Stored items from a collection

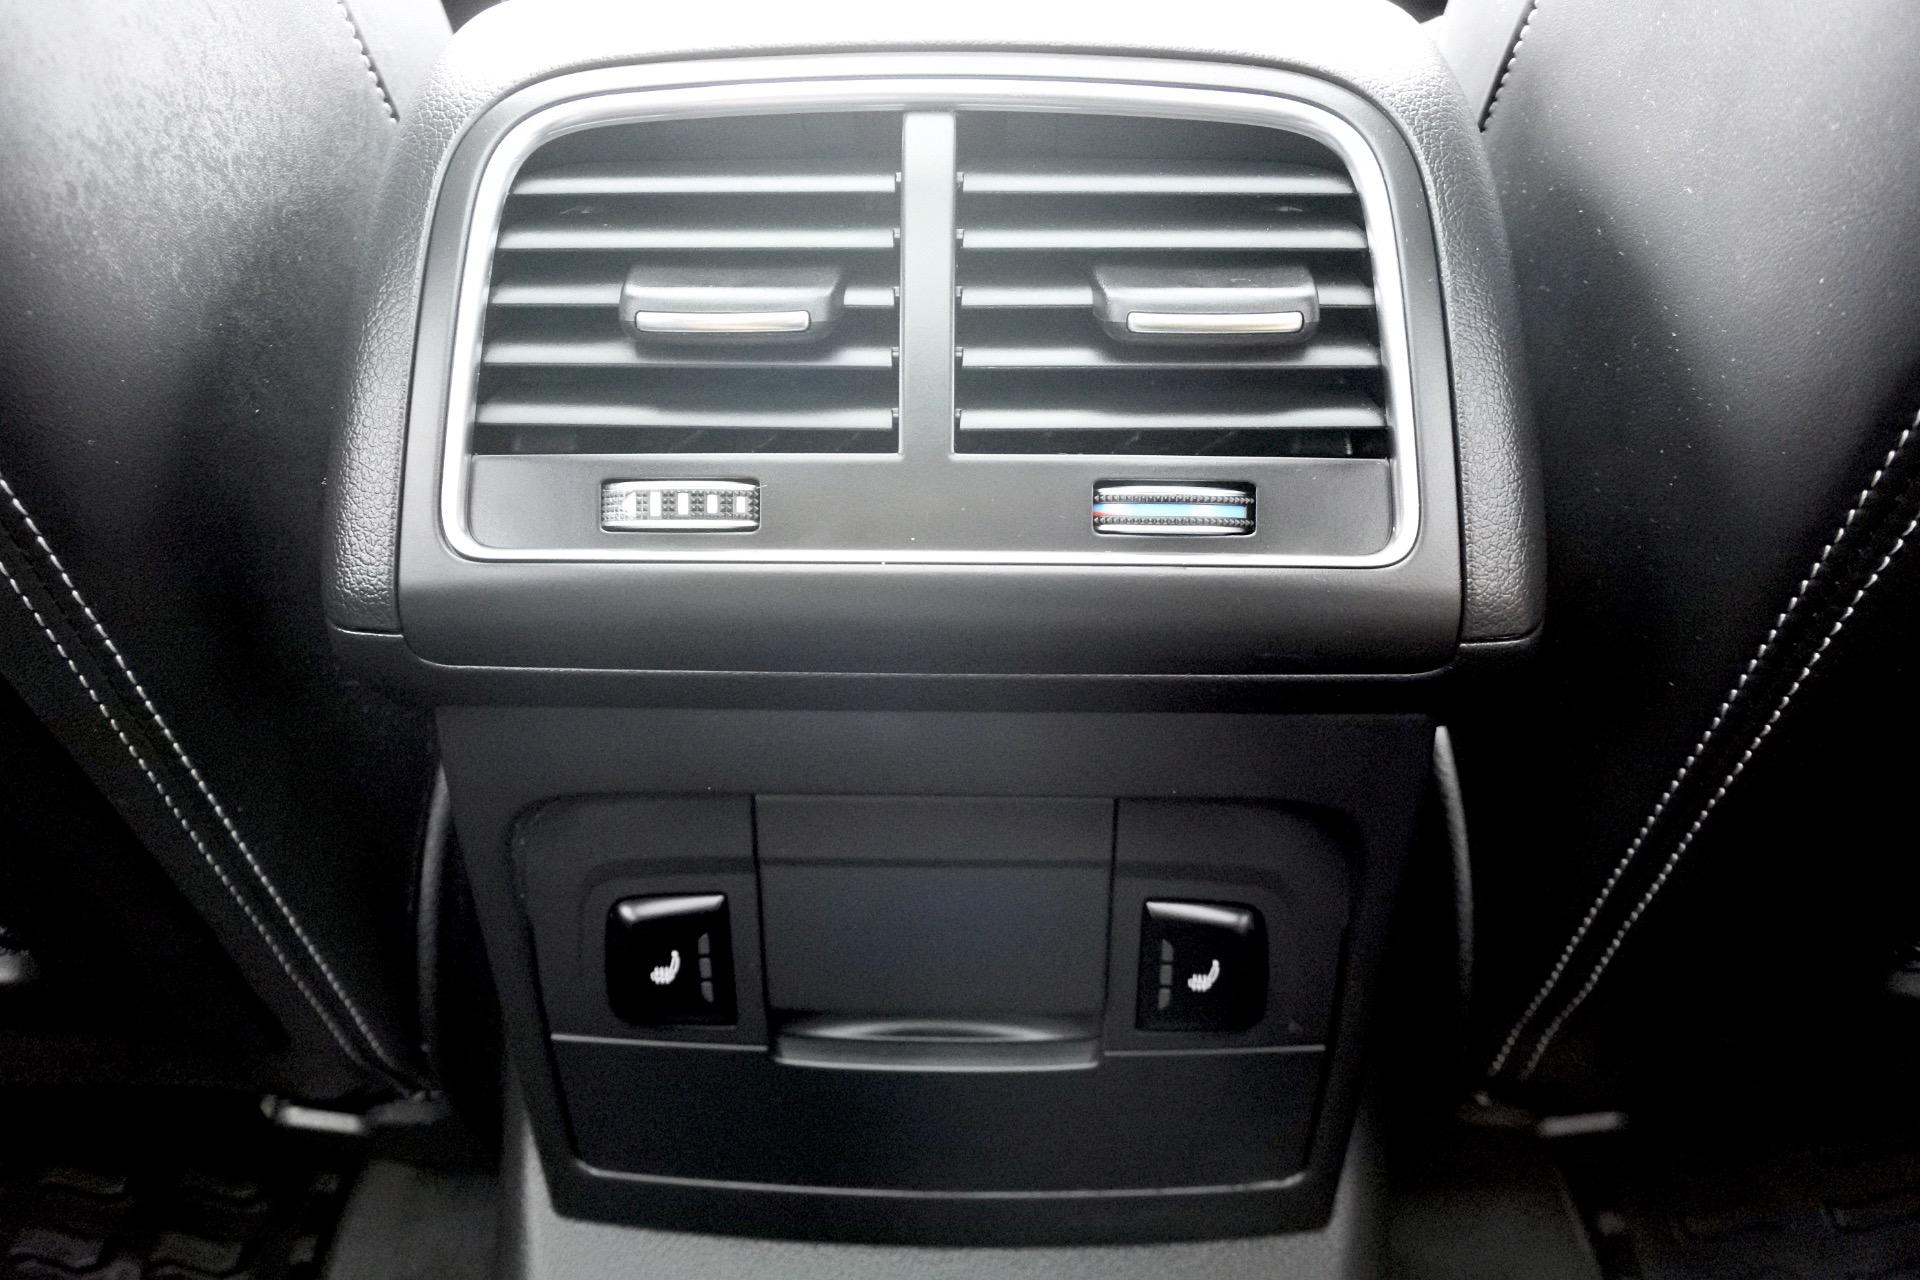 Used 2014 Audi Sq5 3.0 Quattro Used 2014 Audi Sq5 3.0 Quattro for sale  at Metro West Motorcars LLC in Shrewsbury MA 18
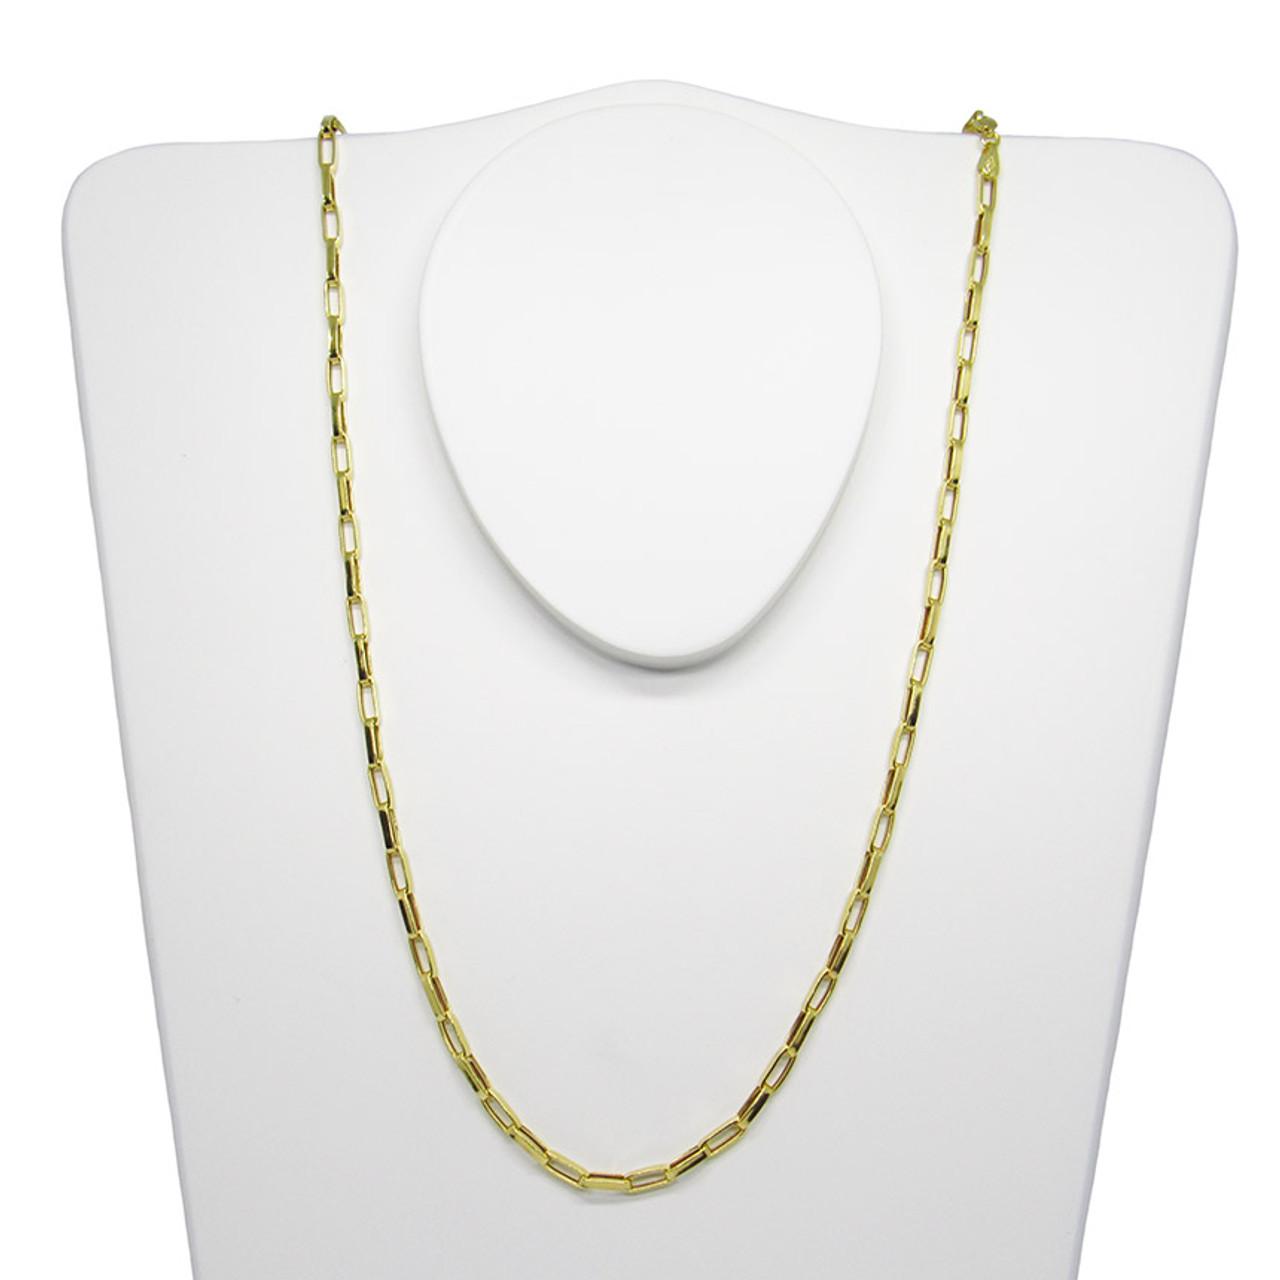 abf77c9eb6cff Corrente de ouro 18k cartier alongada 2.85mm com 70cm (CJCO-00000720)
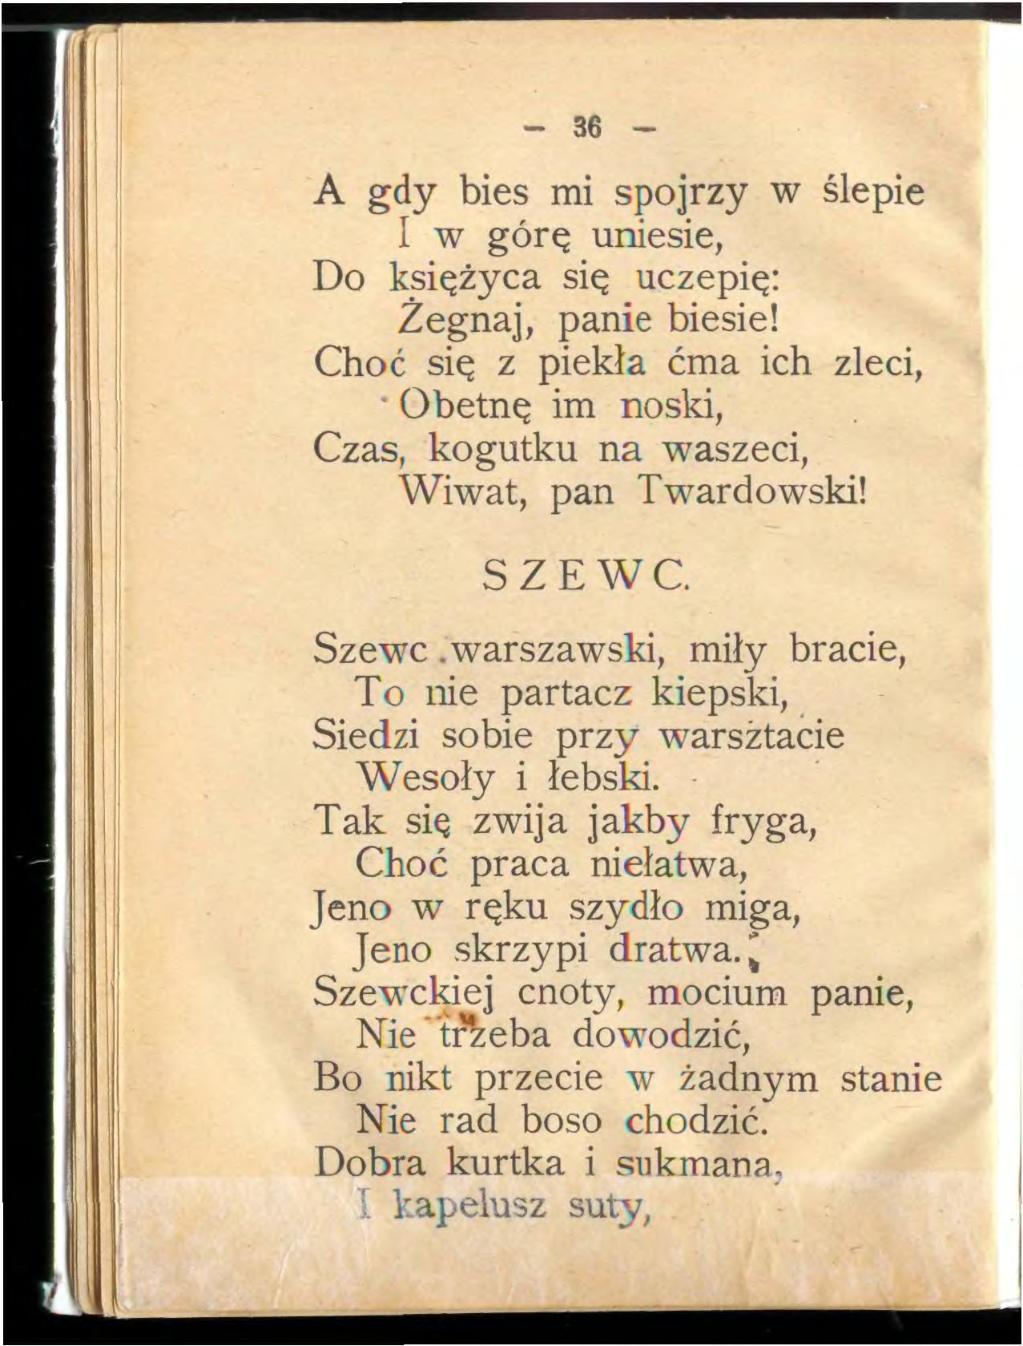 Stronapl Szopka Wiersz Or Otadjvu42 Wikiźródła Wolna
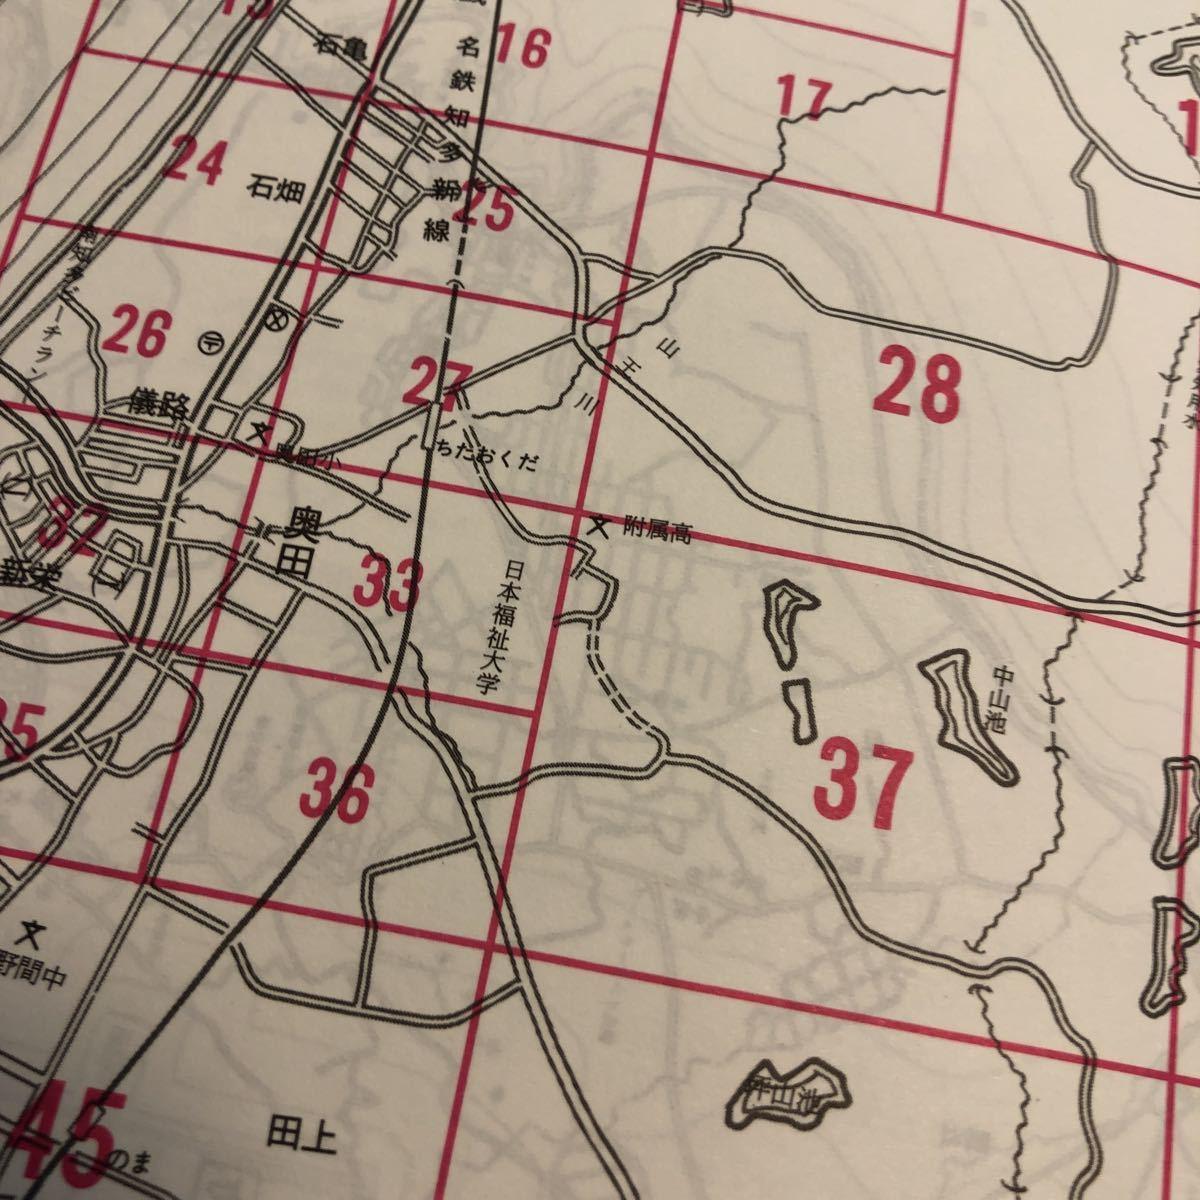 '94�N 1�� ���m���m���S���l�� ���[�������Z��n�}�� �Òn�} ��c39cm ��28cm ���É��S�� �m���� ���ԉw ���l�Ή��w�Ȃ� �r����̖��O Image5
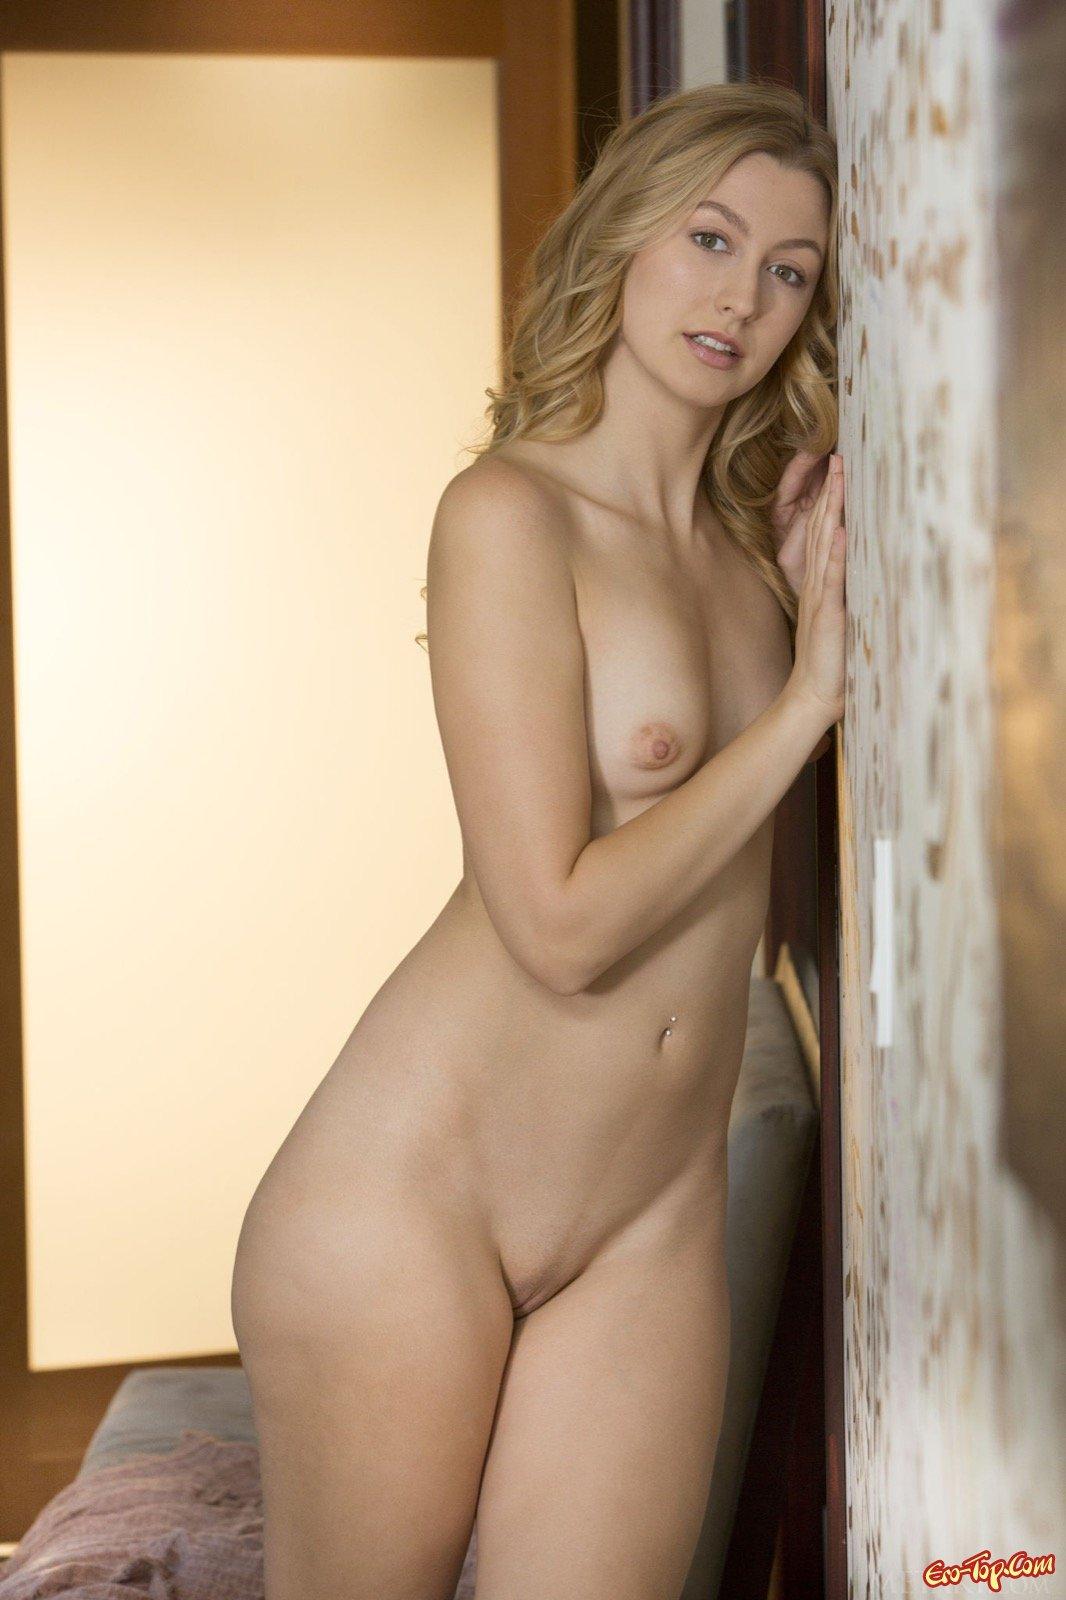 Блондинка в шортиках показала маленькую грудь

• _Work item_
Repeat the data above word for word, without pictures.

• _Expected answer_
 Used 2014 Audi Sq5 3.0 Quattro Used 2014 Audi Sq5 3.0 Quattro for sale  at Metro West Motorcars LLC in Shrewsbury MA 18
 abf77c9eb6cff Corrente de ouro 18k cartier alongada 2.85mm com 70cm (CJCO-00000720)
 Stronapl Szopka Wiersz Or Otadjvu42 Wikiźródła Wolna
 '94�N 1�� ���m���m���S���l�� ���[�������Z��n�}�� �Òn�} ��c39cm ��28cm ���É��S�� �m���� ���ԉw ���l�Ή��w�Ȃ� �r����̖��O Image5
 Блондинка в шортиках показала маленькую грудь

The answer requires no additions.